Читаем Алексей Толстой полностью

«А на улицах Ташкента все москвичи, ленинградцы! Знакомые в жизни, знакомые по кинолентам, знакомые по портретам в журналах — Тамара Макарова, кинозвезда с мужем режиссером Сергеем Герасимовым; грузный, брюзжащий всегда, с трубкой во рту Алексей Толстой со своей Людмилой в каком-то сверхэлегантном костюме; старый сказочник Корней Чуковский, сошедший с картины Кукрыниксов; Раневская, широко, по-мужски шагая, пройдет и бросит на ходу какую-нибудь острую реплику; а позже Анна Ахматова еле заметным кивком головы даст понять, что заметила; Лавренев с женой; Володя Луговской; вдова Булгакова Елена Сергеевна…»{857} — вспоминала Мария Белкина.

Толстой приехал в Ташкент в декабре 1941 года и сразу попал в причудливый мир, где мыкала горе столичная публика, учила английский язык и за полвека до распада СССР толковала о том, что Узбекистан в случае немецкой победы отойдет к Великобритании.
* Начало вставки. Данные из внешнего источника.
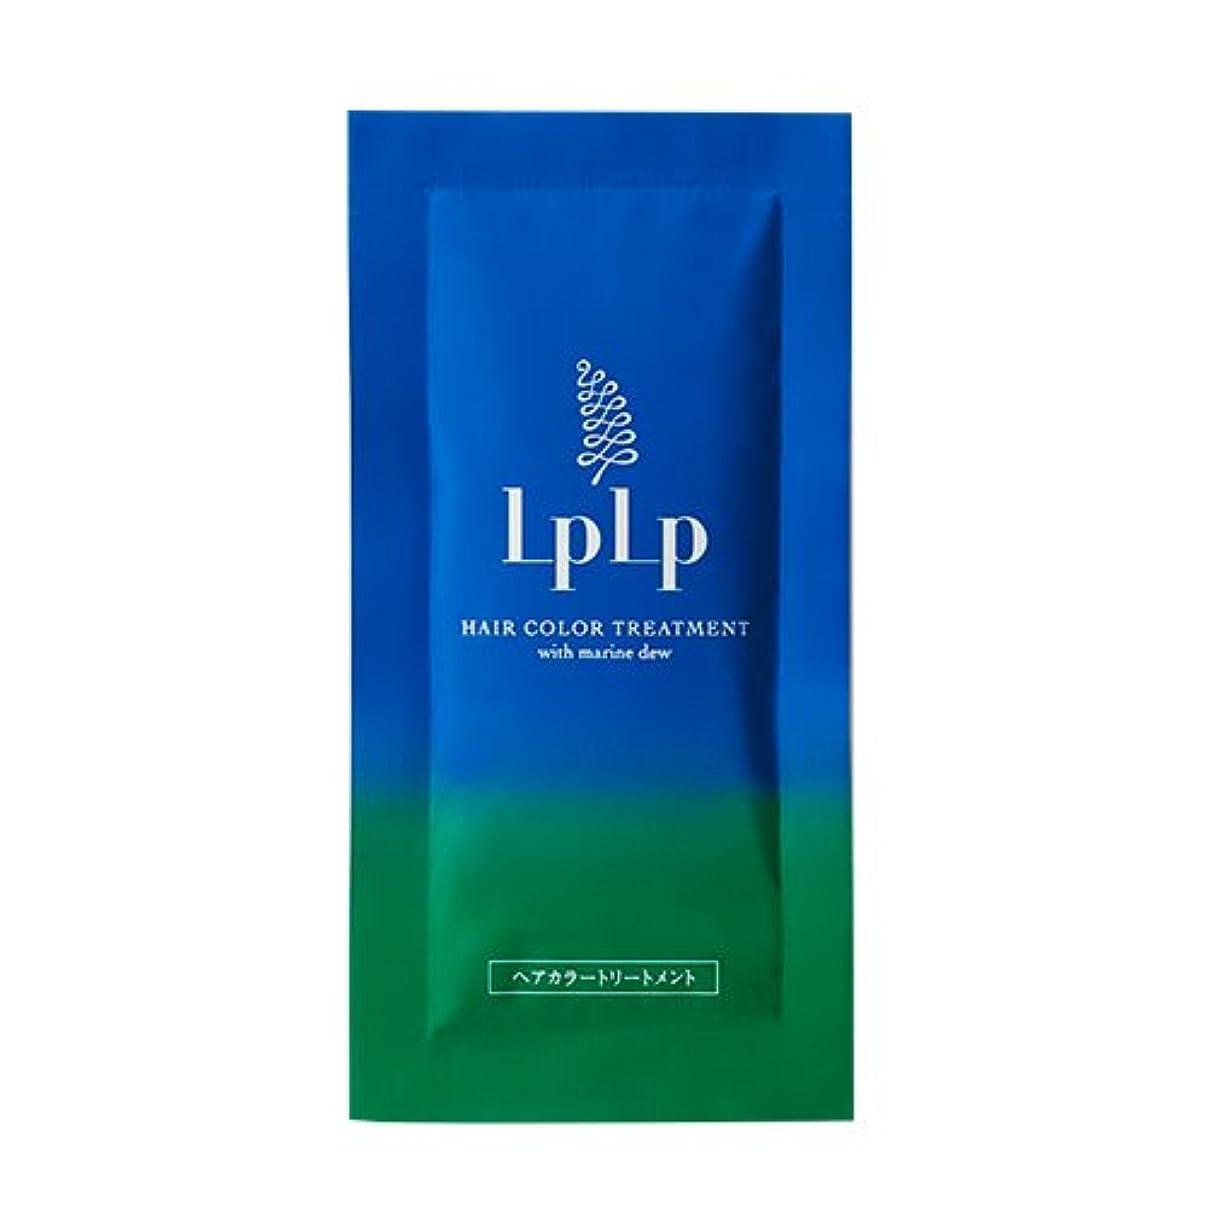 マウントバンク移民平等LPLP(ルプルプ)ヘアカラートリートメントお試しパウチ ブラウン

Граф почувствовал что-то давно знакомое и окрестил Ташкент Стамбулом для бедных. Шутка прижилась и загуляла среди беженцев. И в самом деле, советские эвакуированные 1941–1942 годов, кучно жившие без денег и работы в чужом перенаселенном восточном городе, чем-то напоминали русских эмигрантов 1919-го в Константинополе.

Толстой пребывал в Ташкенте на особом, «бунинском» положении — академик, депутат, но, как когда-то на эмигрантском корабле в Черном море и на острове Халка, граф делал одно — работал, оправдывая эпитет «трудовой».

«Каждый день он задавал себе определенный урок: такое-то количество страниц — и лишь выполнив этот урок, позволял себе покинуть кабинет. Таким я наблюдал его в Петербурге, в Москве, в Ташкенте, за границей, в Барвихе — повсюду»{858}, — писал о Толстом Чуковский, и эти строки поразительно контрастируют с мыслями Толстого о самом себе, высказанными тринадцатью годами раньше в исповедальном письме к Крандиевской: «Будь я обеспеченным человеком, как бы я работал? Наверное, в 10 раз меньше. Я, может быть, нашел бы другую забаву, чтобы скрасить много, много лет дребезжащую во мне тоску земного существования»{859}.

Теперь давно уже денег у него было предостаточно, но он все продолжал каждый день писать и не мог остановиться, будь на дворе война, будь мир — не важно.

«Его все узнавали по характерной внешности: барственный вид, берет на голове, курительная трубка в зубах, академические очки с большими стеклами, трость в руке, плащ через локоть.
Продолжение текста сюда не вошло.